JOSE COLUCCIELLO AND STEFANIA COLUCCIELLO, Appellees.

         NOT FINAL UNTIL TIME EXPIRES TO FILE MOTION FOR REHEARING AND DISPOSITION THEREOF IF FILED

          Nonfinal Appeal from the Circuit Court for Brevard County, Jeffrey Mahl, Judge.

          Jay M. Levy, of Jay M. Levy, P.A., Miami, and Karen Fultz, of Sheehee & Associates, P.A., Miami, for Appellant.

          Matthew G. Struble, of Struble, P.A., Fort Lauderdale, for Appellees.

          LAMBERT, J.

         First Protective Insurance Co. d/b/a Frontline Insurance Co. ("Insurer") appeals the trial court's nonfinal order denying its motion to compel appraisal.[1] Under the facts of this case, because Insurer did not "wholly deny" coverage for its insureds' loss, we reverse and remand with directions to the trial court to compel an appraisal.

         Jose and Stefania Colucciello ("Homeowners") insured their home with Insurer. As a result of damage sustained to their home due to water intrusion from Hurricane Irma, Homeowners filed a claim with Insurer under their policy of insurance. Insurer timely investigated and thereafter paid Homeowners in excess of $100, 000 on their claim for both mold damage and other interior damage to their home. Insurer, however, declined to pay for certain exterior damages to the home. Homeowners filed a breach of contract action, and Insurer moved to dismiss and to compel an appraisal under the terms of the insurance contract. Following a brief hearing, the trial court entered the unelaborated order now under review, denying the motion.
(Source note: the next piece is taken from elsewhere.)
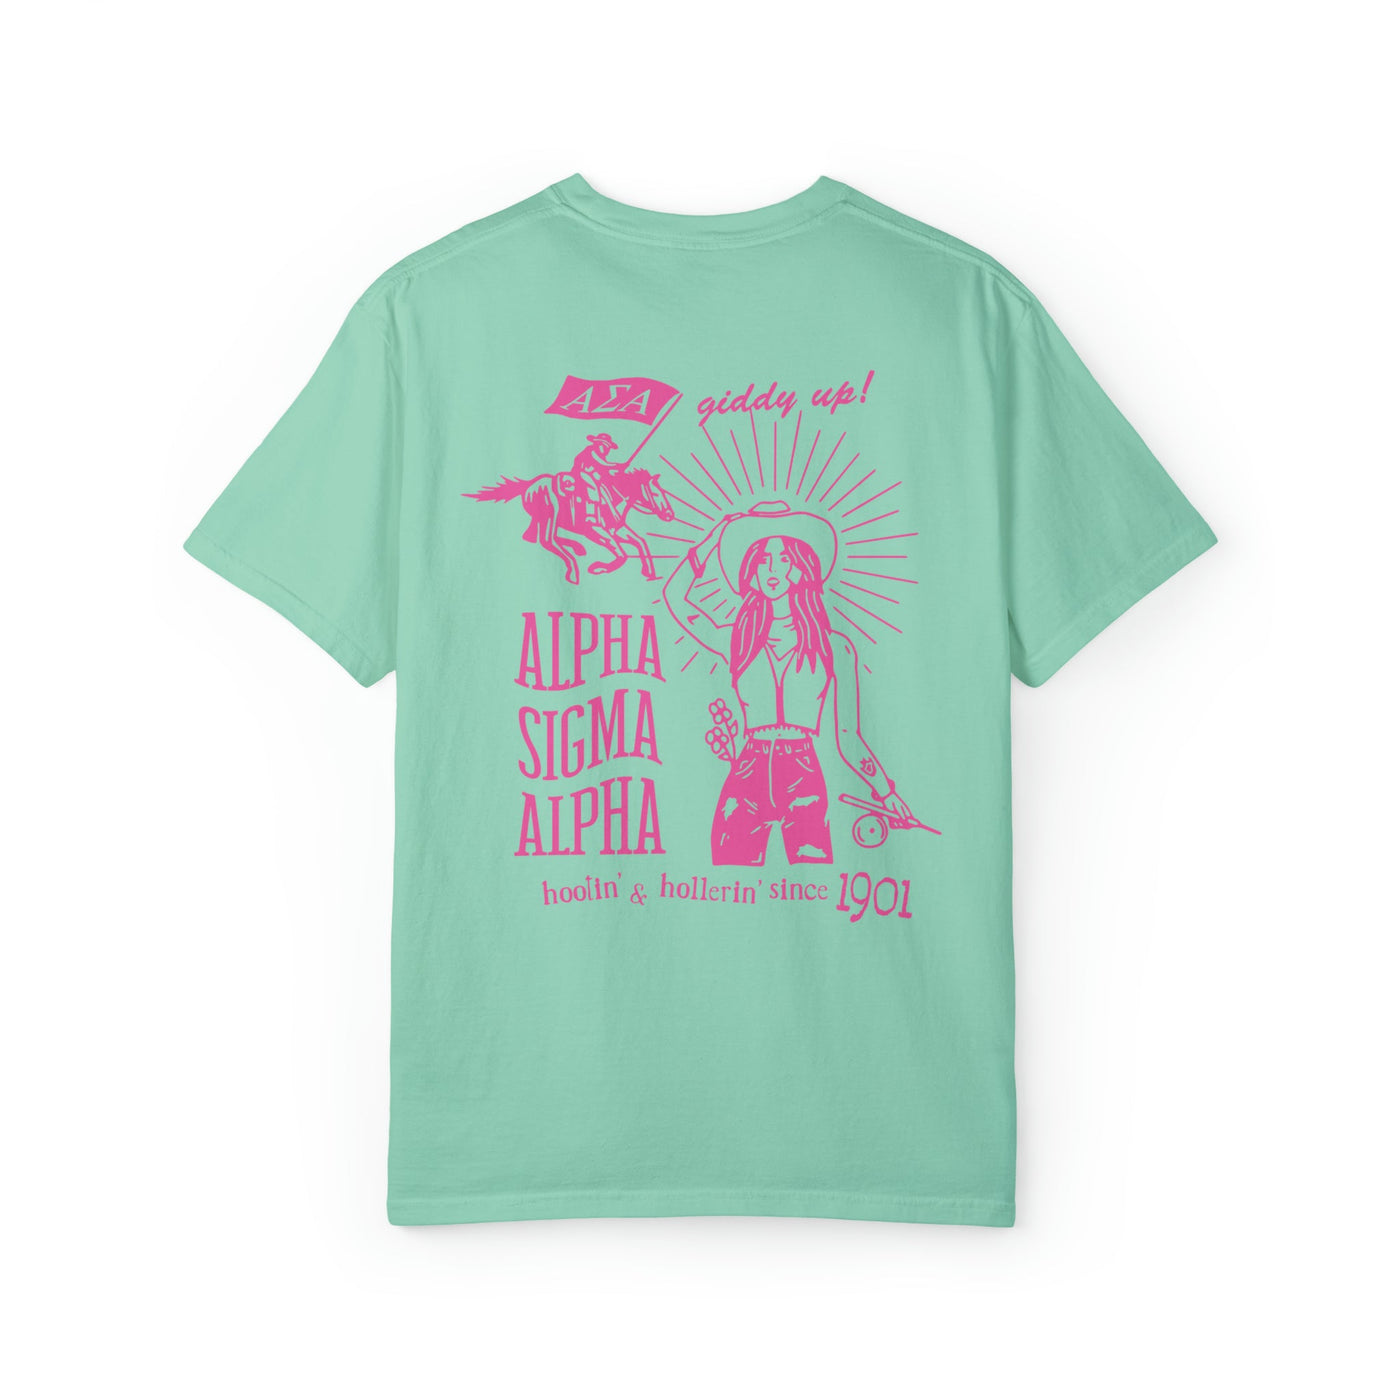 Alpha Sigma Alpha Country Western Pink Sorority T-shirt

         Because the pertinent facts here are undisputed, we apply the de novo standard of review to the order denying the appraisal. See People's Tr. Ins. Co. v. Garcia, 263 So.3d 231, 233 (Fla. 3d DCA 2019); People's Tr. Ins. Co. v. Tracey, 251 So.3d 931, 933 (Fla. 4th DCA 2018).

         Insurer argues that the trial court erred in denying its motion because the dispute between the parties relates to the total amount of Homeowners' loss, which it contends is properly determined by appraisers under the terms of the insurance contract. Homeowners respond that the trial court ruled correctly because Insurer denied coverage for the exterior damage to their home and, as such, whether this aspect of their claim is covered under their insurance policy is a determination to be made by the court. See State Farm Fire & Cas. Co. v. Licea, 685 So.2d 1285, 1287 (Fla. 1996) ("A challenge of coverage is exclusively a judicial question . . . ." (quoting Midwest Mut. Ins. Co. v. Santiesteban, 287 So.2d 665, 667 (Fla. 1974))). Insurer disagrees, asserting that it did not "wholly deny" coverage on Homeowners' claim and that, under such circumstances, the Florida Supreme Court has held this to be not a dispute over coverage but, instead, merely a disagreement between the parties to the insurance contract on the amount of the loss, which is an issue to be determined under the contract by an appraisal. See Johnson v. Nationwide Mut. Ins. Co., 828 So.2d 1021, 1022 (Fla. 2002). Insurer is correct.

         In the instant case, Homeowners submitted one claim under their policy for damage to their home caused by water intrusion. Insurer agreed that this was a covered claim, paid a significant amount of money on the claim to Homeowners or on their behalf, but disagreed with them as to the total amount owed. We conclude that under Johnson, coverage was not "wholly denied" by Insurer and, under the terms of the parties' insurance contract, an appraisal is required to determine the total amount of the loss. Therefore, and consistently with our sister courts that have addressed this issue subsequent to Johnson, see State Farm Ins. Co. v. Sheppard, 268 So.3d 1006 (Fla. 1st DCA 2019); MKL Enters. LLC, v. Am. Traditions Ins. Co., 265 So.3d 730 (Fla. 1st DCA 2019); Garcia, 263 So.3d at 232; Tracey, 251 So.3d at 932, we reverse the trial court's order and remand with directions to compel an appraisal.

         REVERSED and REMANDED, with directions.

          EDWARDS and EISNAUGLE, JJ., concur.